Rosa Lee Hawkins, the youngest member of the musical trio the Dixie Cups, whose hit single “Chapel of Love” reached No. 1 on the Billboard 100 in 1964, died on Tuesday in Tampa, Fla. She was 76.
The cause was internal bleeding resulting from complications during surgery at Tampa General Hospital, said her sister Barbara Ann Hawkins, who was also a member of the group, along with Joan Marie Johnson, who died in 2016 at 72.
The Dixie Cups epitomized the harmonizing sound of the 1960s girl group. “Chapel of Love,” their debut single and most well-known song, quickly replaced the Beatles’ “Love Me Do” as No. 1 on the Billboard charts in 1964. It was later heard on the soundtrack of Stanley Kubrick’s 1987 Vietnam War film, “Full Metal Jacket.”
Rosa Lee Hawkins was born on Oct. 23, 1945, in New Orleans to Hartzell Hawkins, a self-employed carpenter, and Lucille (Merette) Hawkins, a state worker who registered voters.

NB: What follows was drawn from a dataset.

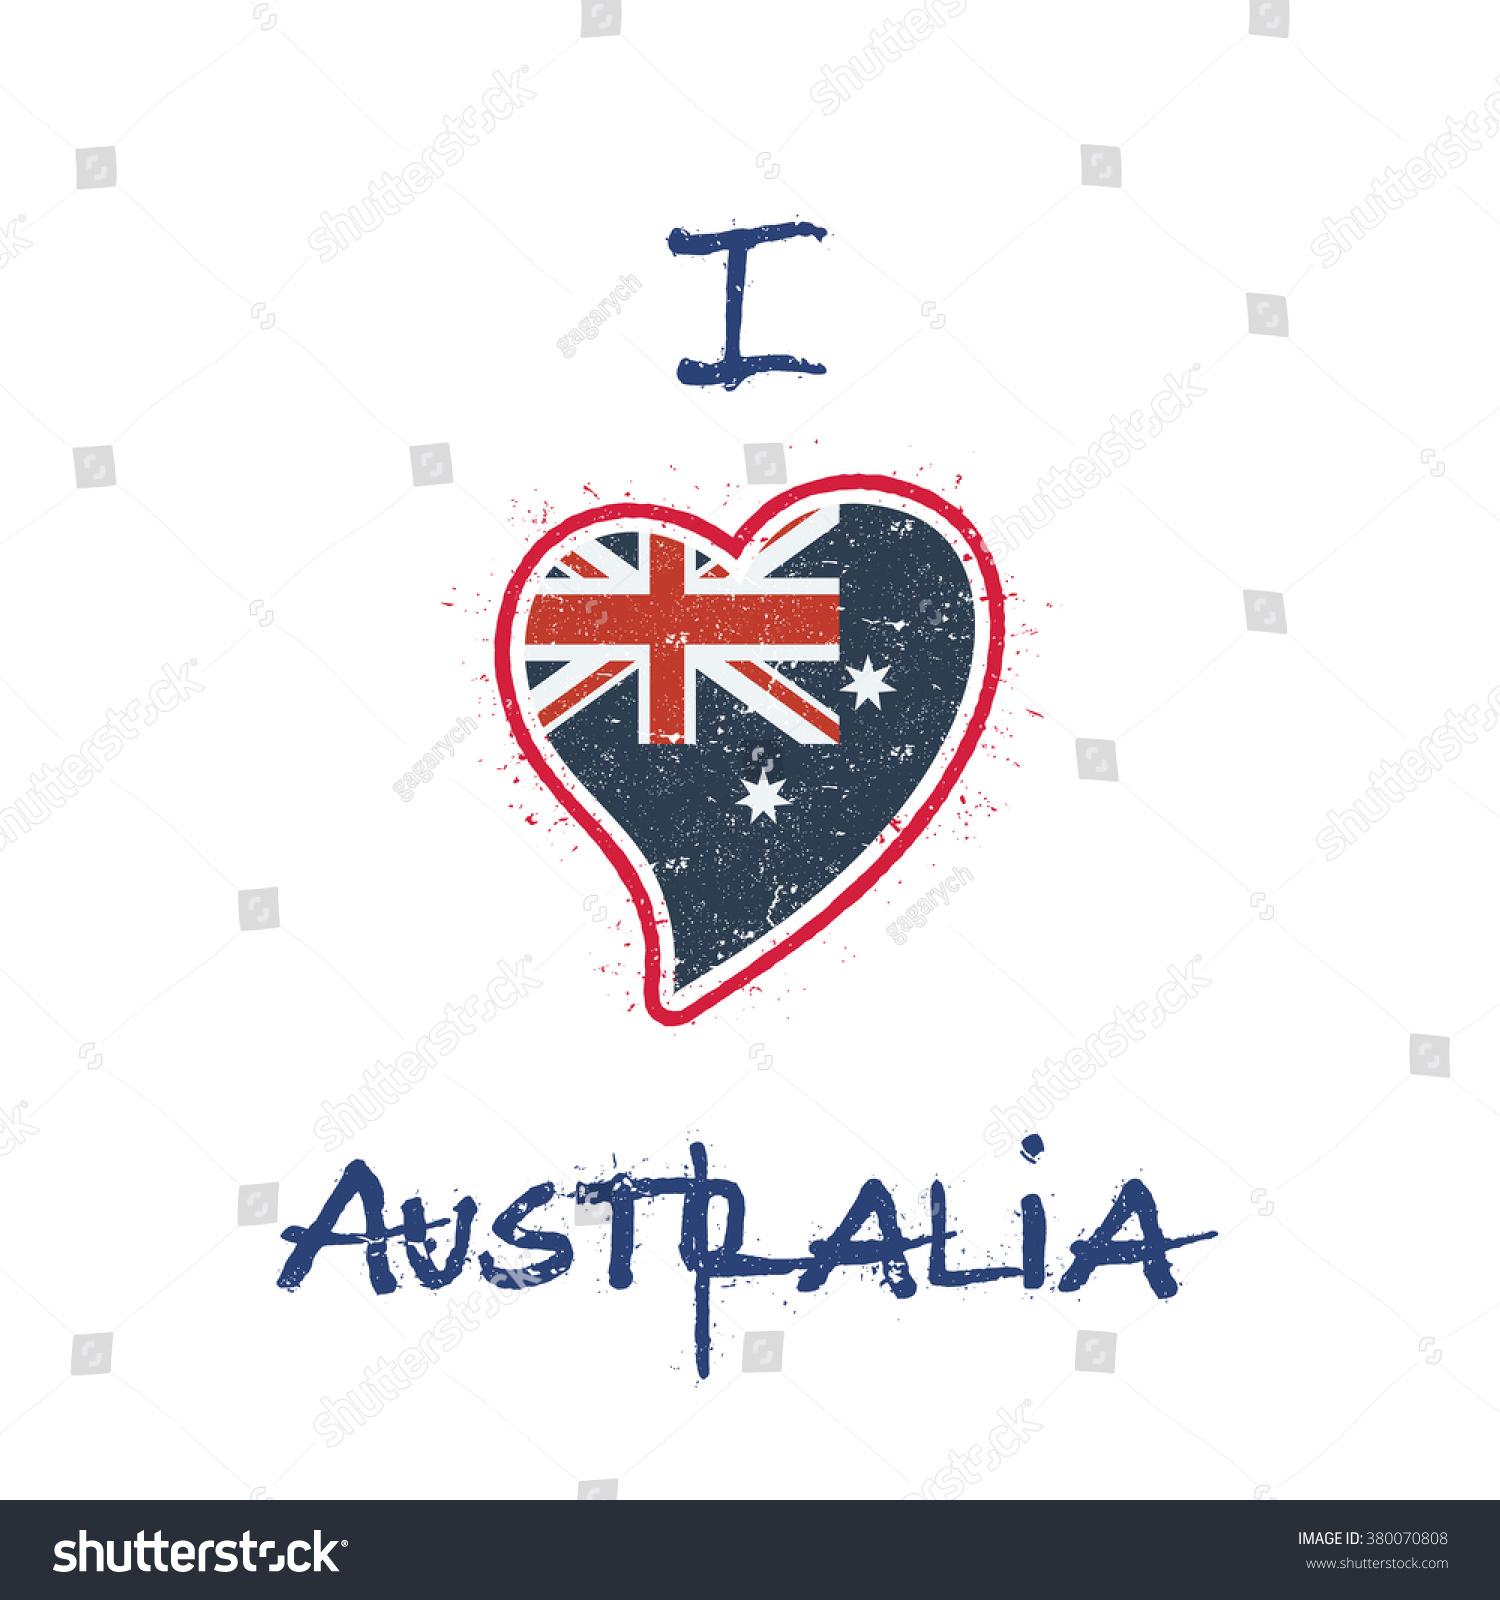 Shirt design australia - Australia Flag Patriotic T Shirt Design Heart Shaped National Flag Of Australia On White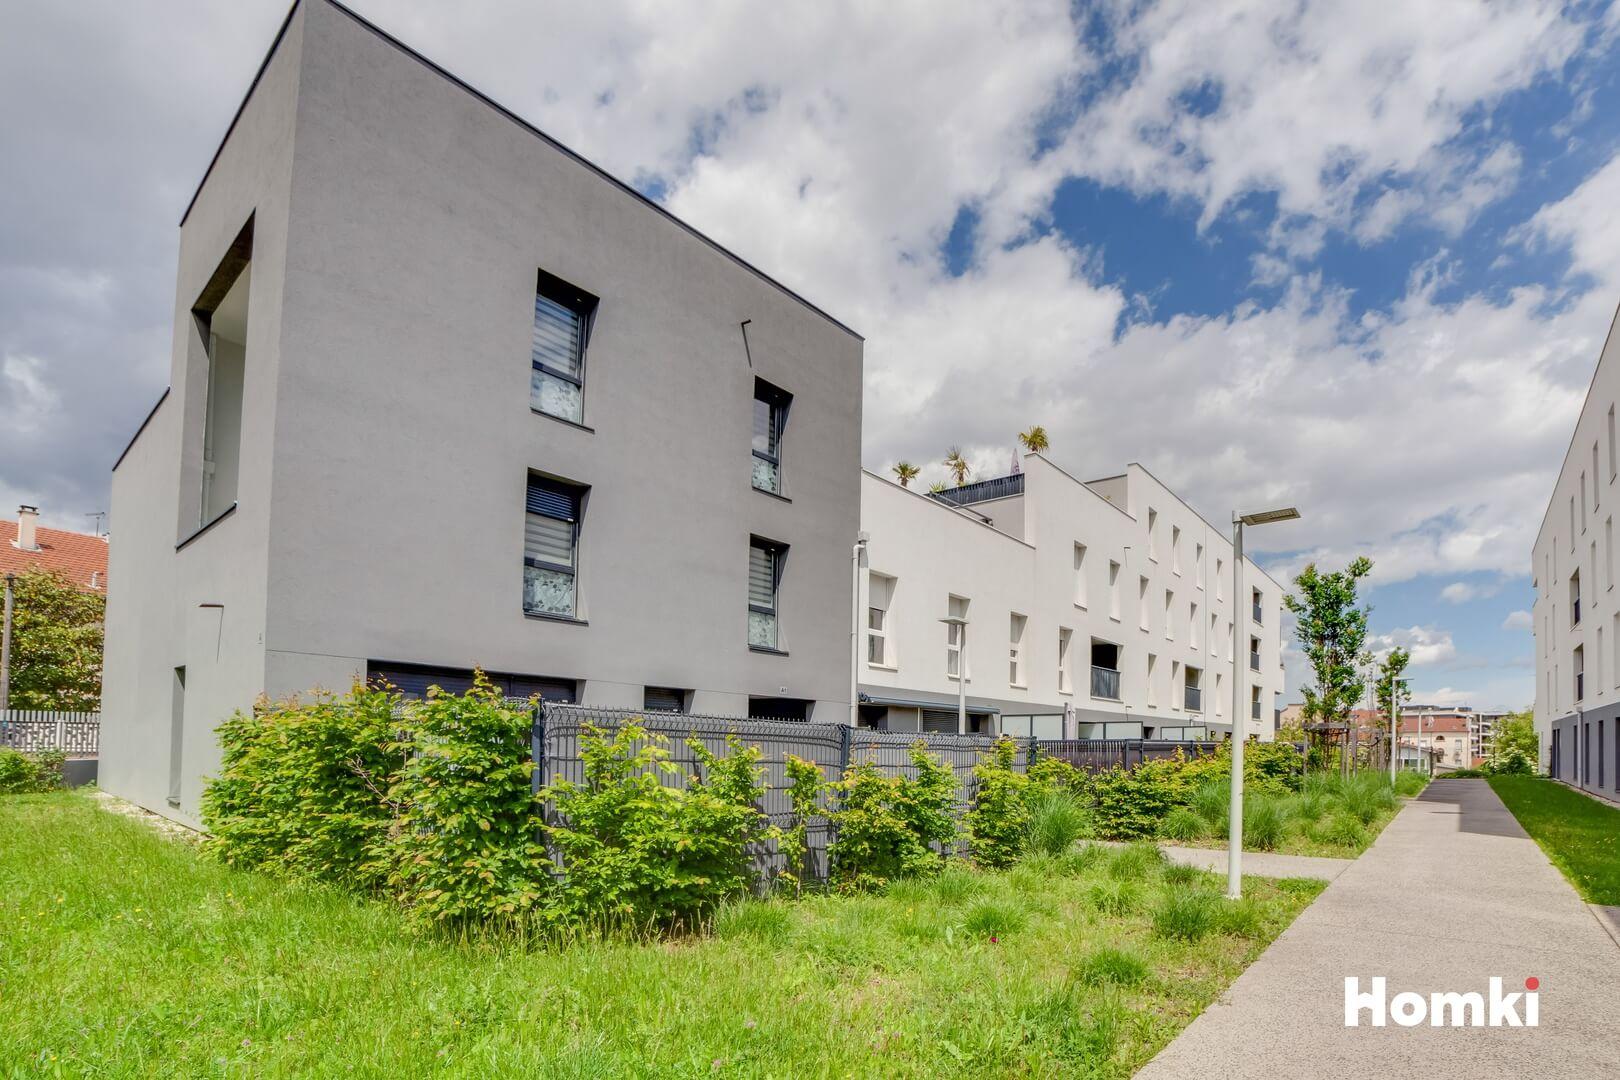 Homki - Vente Appartement  de 93.0 m² à Vénissieux 69200

While in high school in 1963, Barbara brought Rosa along to sing with her and Joan Marie in a high school talent show. The trio initially called themselves the Meltones, only to discover later that the name had already been taken. Since they were from the land of Dixie, and “cups are cute,” Barbara said in an interview, they came up with the name Dixie Cups (playing on the name of the popular paper cup).
Joan later discovered that the Hawkins sisters were actually her cousins.
While they did not win the talent show, a talent scout in the audience, impressed by their rich harmonies, invited the group, along with other Louisiana musicians, to perform for Red Bird Records. The Dixie Cups sang “Iko Iko,” a song that was traditionally sung during Mardi Gras and that was a favorite of the Hawkins sisters’ grandmother. They signed a recording contract soon after.
The Dixie Cups received two Gold Records, for “Chapel of Love” and another hit, “People Say.” They were inducted into the Louisiana Music Hall of Fame in 2007.
The group recorded a total of four albums, their last in 2011. Ms. Johnson, ill with sickle-cell anemia and weary from touring, left the group and was replaced by a number of singers through the years. The Hawkins sisters remained, though, and kept singing just as they did in high school, with harmonies as vibrant as ever.
“When the audience smiled and applauded, it made her happy because she knew she put a smile on their faces, if only for that time,” Barbara said of her younger sister.
In addition to Barbara, Ms. Hawkins is survived by another sister, Shirley; a son, Eric Blanc; and two grandchildren.